# New Moebius Batman!



## rkoenn (Dec 18, 2007)

I found this picture just a minute ago on FB. It was apparently taken at Comic Con at Moebius's booth. They definitely got Adam West right in this model and I'll definitely be picking one up as soon as they hit the street. Also note the sign for a Captain Kirk as well, that is something I hadn't heard of at all yet. Frank is taking lots of money out of my pocket but I ain't complaining.


----------



## xsavoie (Jun 29, 1999)

Great action pose.:thumbsup:


----------



## RMC (Aug 11, 2004)

outstanding !


----------



## RB (Jul 29, 1998)

Looks fantastic, can't wait to see more! And Shatner's Kirk in the 4th quarter of this year!

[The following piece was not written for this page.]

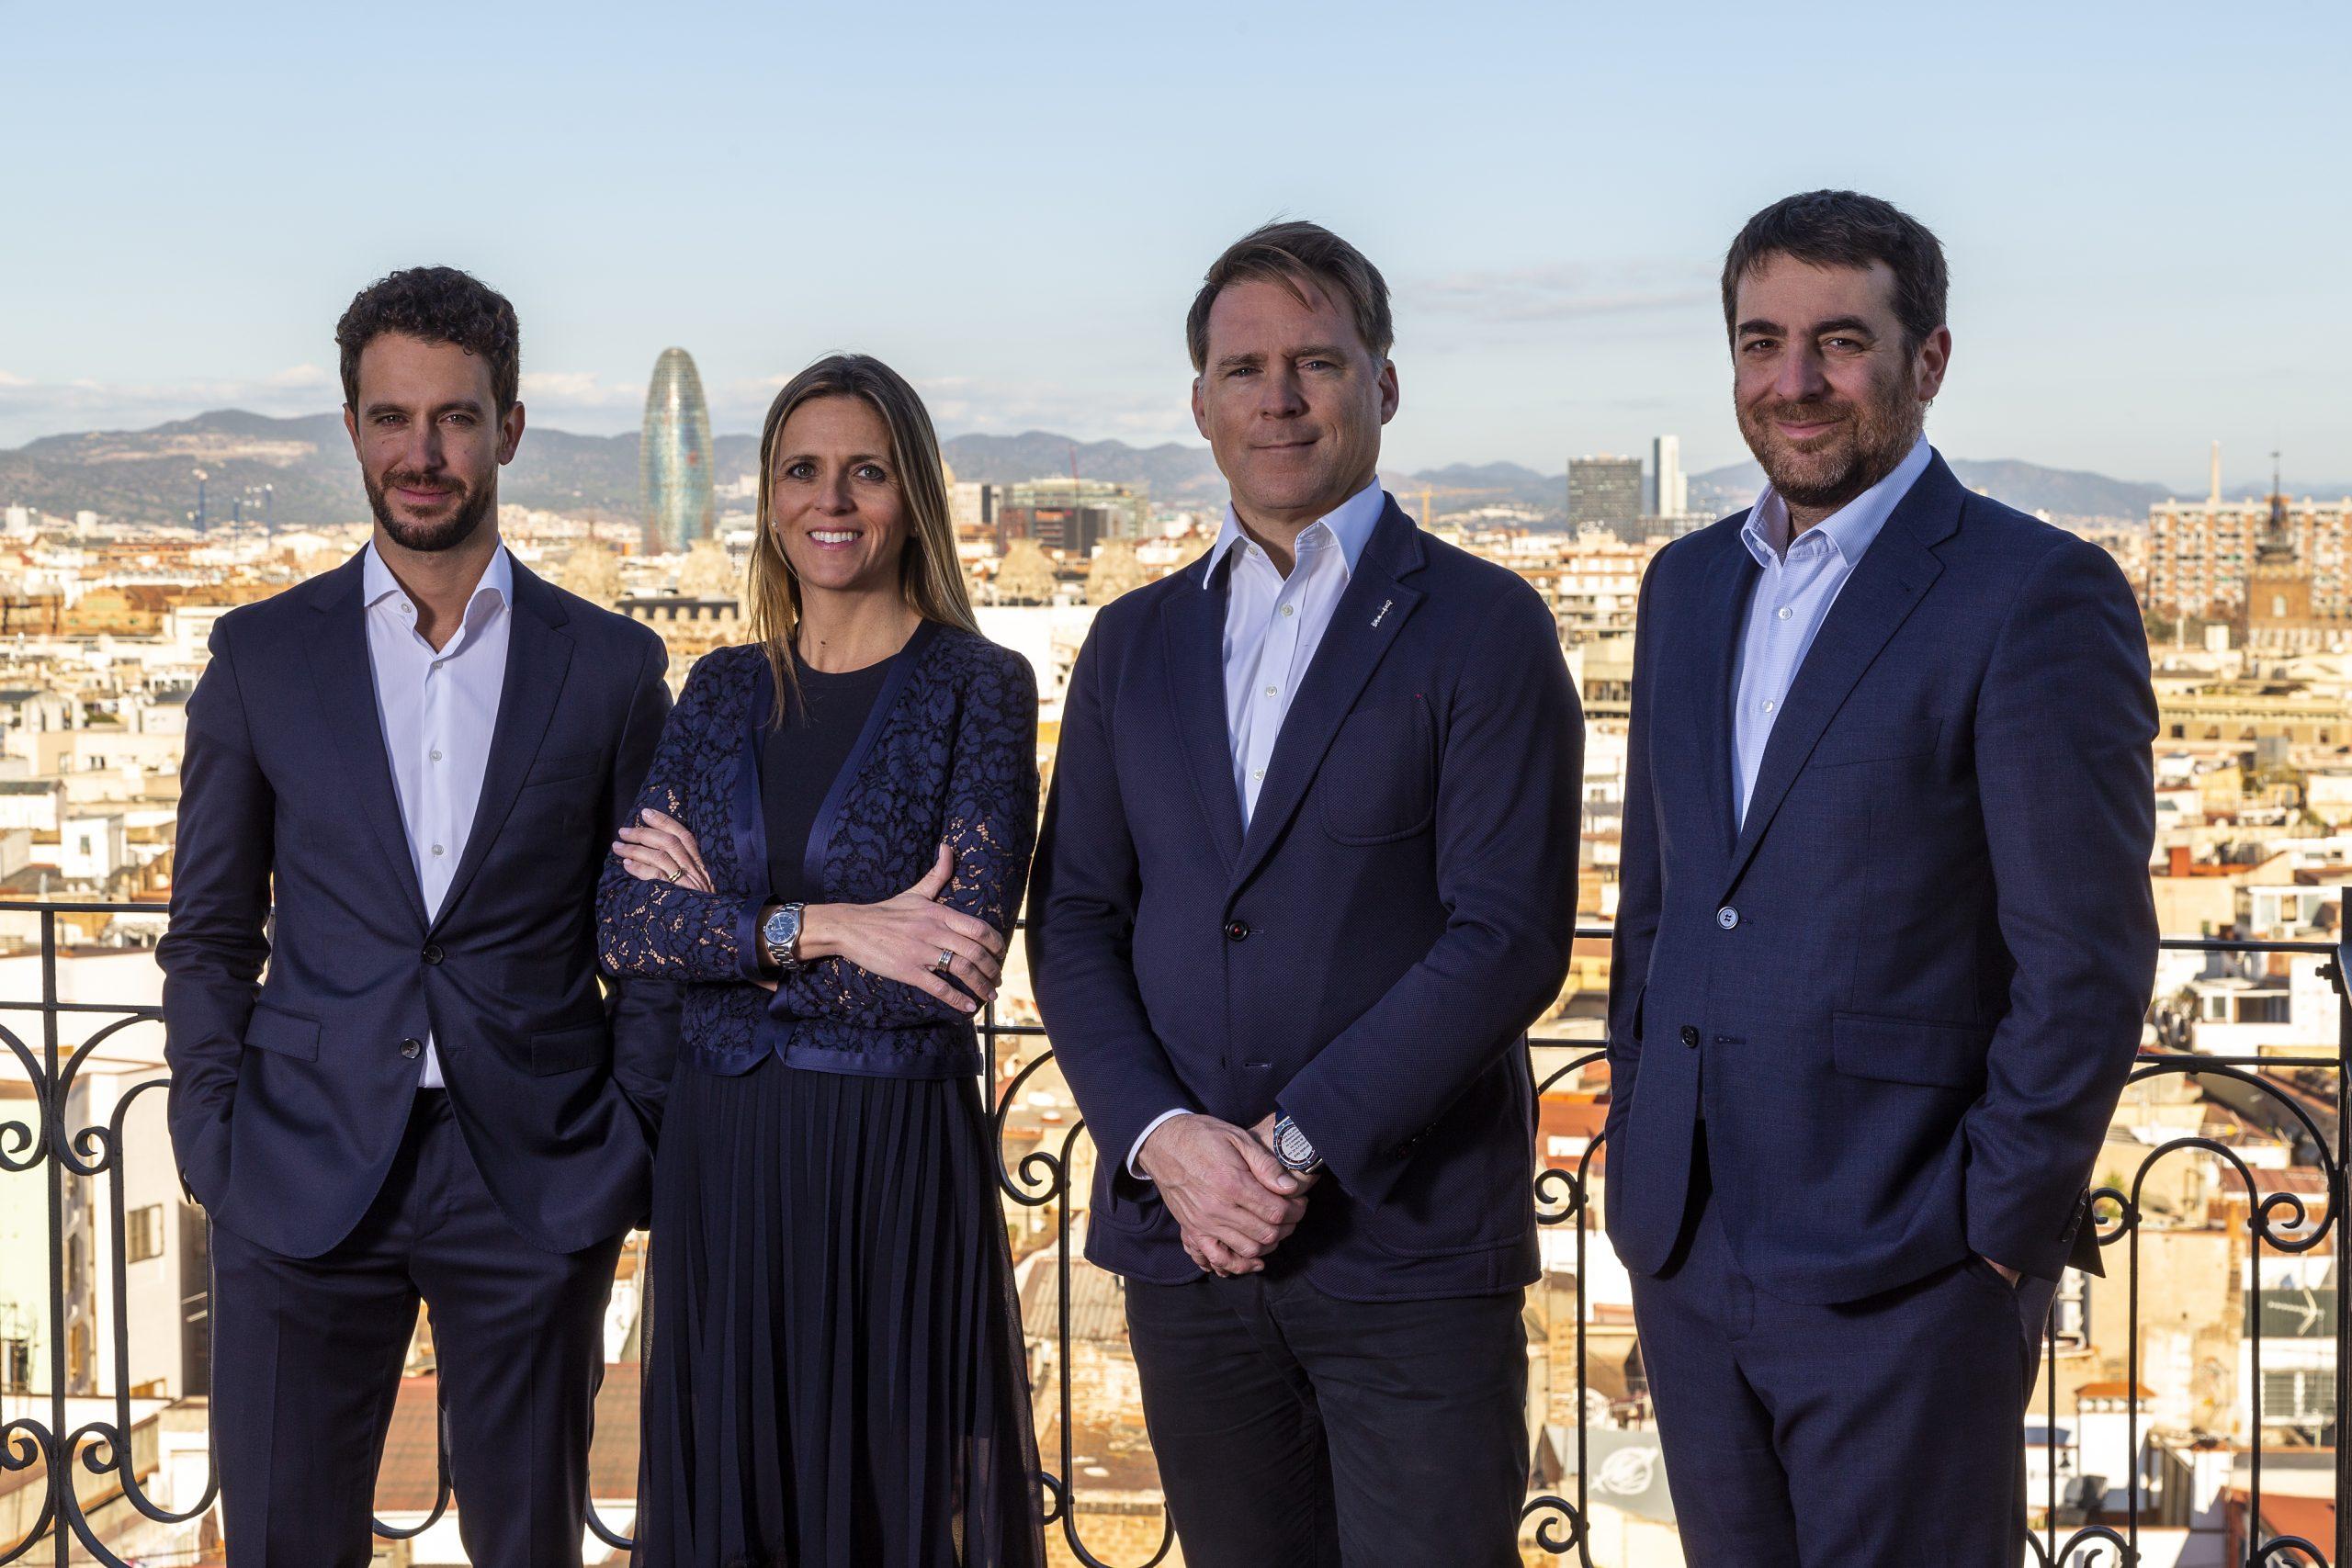 Asabys anuncia el primer cierre de Sabadell Asabys Health Innovation Investments II, con compromisos de €100M, y nombra a Sylvain Sachot y Guillem Masferrer como nuevos socios

On a related note, anyone know what the figure is on the right, behind the West display?


----------



## apls (Dec 5, 2005)

Is the Captain Kirk 1/6th scale ? I couldn't see the sign too well.


----------



## derric1968 (Jun 13, 2003)

On the CultTVman's Hobbyshop Facebook page, Steve says that the Kirk figure is not a kit. So, I guess that means it's a prepainted status kind of a thing.

Oh, and Batman looks great!


----------



## Zombie_61 (Apr 21, 2004)

RB said:


> ...On a related note, anyone know what the figure is on the right, behind the West display?


That's allegedly the reflection of the Kirk figure/whateveritwillbe in the display glass.


----------



## Night-Owl (Mar 17, 2000)

Outstanding! :thumbsup:


----------



## spinner44 (Aug 7, 2005)

What I can't figure out is that whe are on the 2nd day of SDCC and this Batman is the only photo from Moebius/Pegasus stand. No official announcements from them, no photos in their fb site.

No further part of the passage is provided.